Господин Крамар сначала потащил меня к столам, где нагреб мне на тарелку столько пищи, сколько я за день не съедаю. Потом себе – раза в два больше. А под конец попытался со мной и двумя тарелками уединиться в темном переулке, спугнув целующуюся парочку и едва не вывалив мне на платье жирное мясо. Я едва увернулась, а кусок жареного мяса вместо моего платья осчастливил бродячую кошку.

И, глядя на то, как жадно лекарь расправляется с содержимым своей тарелки, я поняла, что ничего общего у нас не будет. Неприятно на это смотреть. Особенно когда мужчина пытается вести расспросы, деля внимание между мной и жареной курицей.

– А где вы учились лекарскому делу, госпожа Ветана?

– У нас в деревне жил лекарь, господин Крамар. Он и учил меня, ему нужна была помощница.

– Мне тоже нужна помощница, госпожа Ветана.

– Не сомневаюсь, вы обязательно найдете себе ученика, господин Крамар.

– Ох, госпожа Ветана… Тойри, я могу вас так называть?

– Боюсь, это могут понять превратно, – покачала я головой. – Не стоит давать людям пищу для сплетен.

– Вы так рьяно относитесь к своей репутации, госпожа Ветана! Это заслуживает уважения.

Крамар чуть скривился, но крыть было нечем. Я вежливо улыбнулась.

– Что, кроме чести, есть у бедной девушки?
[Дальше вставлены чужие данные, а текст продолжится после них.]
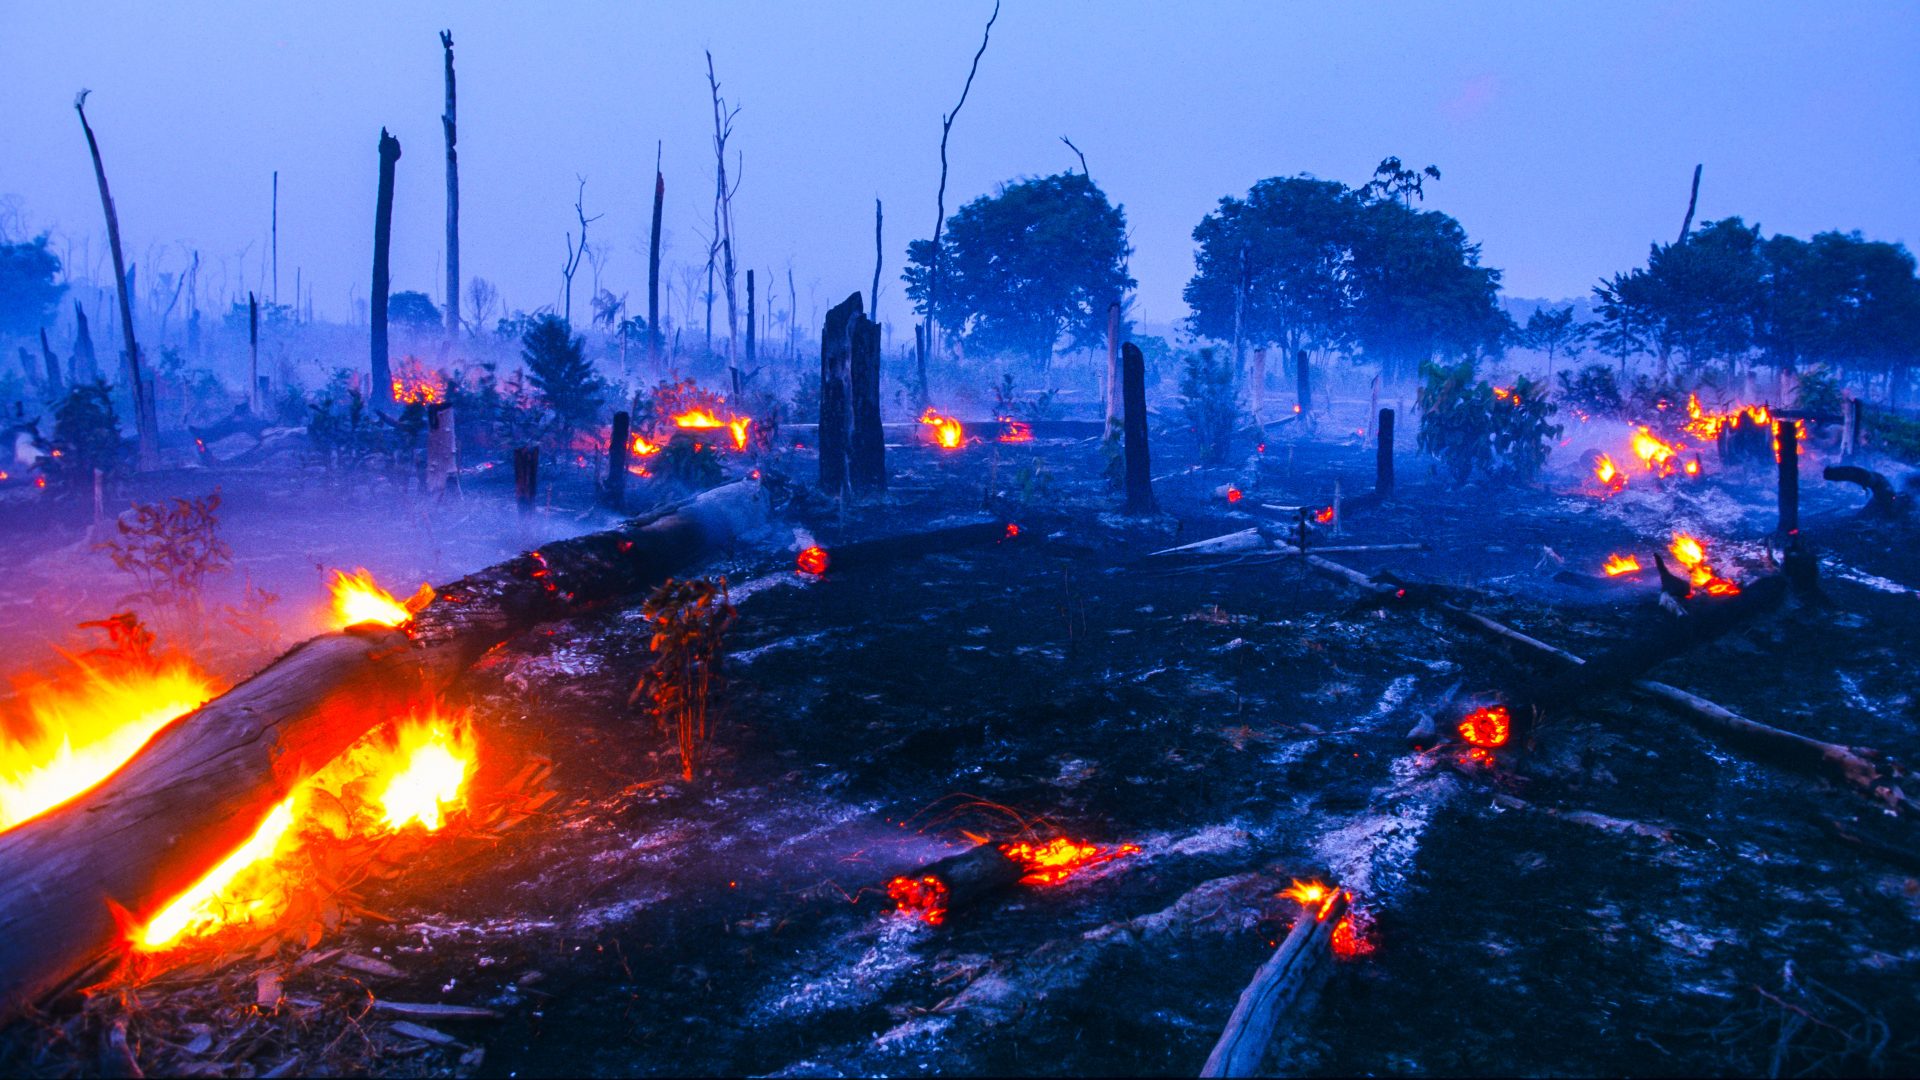 Dados indicam que 21,8% do Brasil foi atingido por queimadas - Foto: Reprodução/Canva

– Но вы-то – не обычная девушка. Вы очень красивая девушка. И талантливая. Хотя ваш талант еще нуждается в огранке, – заверил меня лекарь. – Госпожа Ветана, а не хотите ли поработать у меня в подручных? Обещаю, в оплате не обижу.

Я едва не фыркнула.

Да, сейчас меня это предложение уже не прельщает, но это – сейчас. А где ты был, такой умный, когда по приезде в город я металась по лекарям в Желтом городе, предлагая взять меня хотя бы травницей, ну хоть за несколько серебрушек в месяц? Спасибо госпоже Лимире, вложила ума.

1 Автор знает, что осы тоже полезны, но Вета этого знать не обязана. С ее точки зрения, осы кусаются, но меда не дают, а значит – бесполезны (Прим. авт.).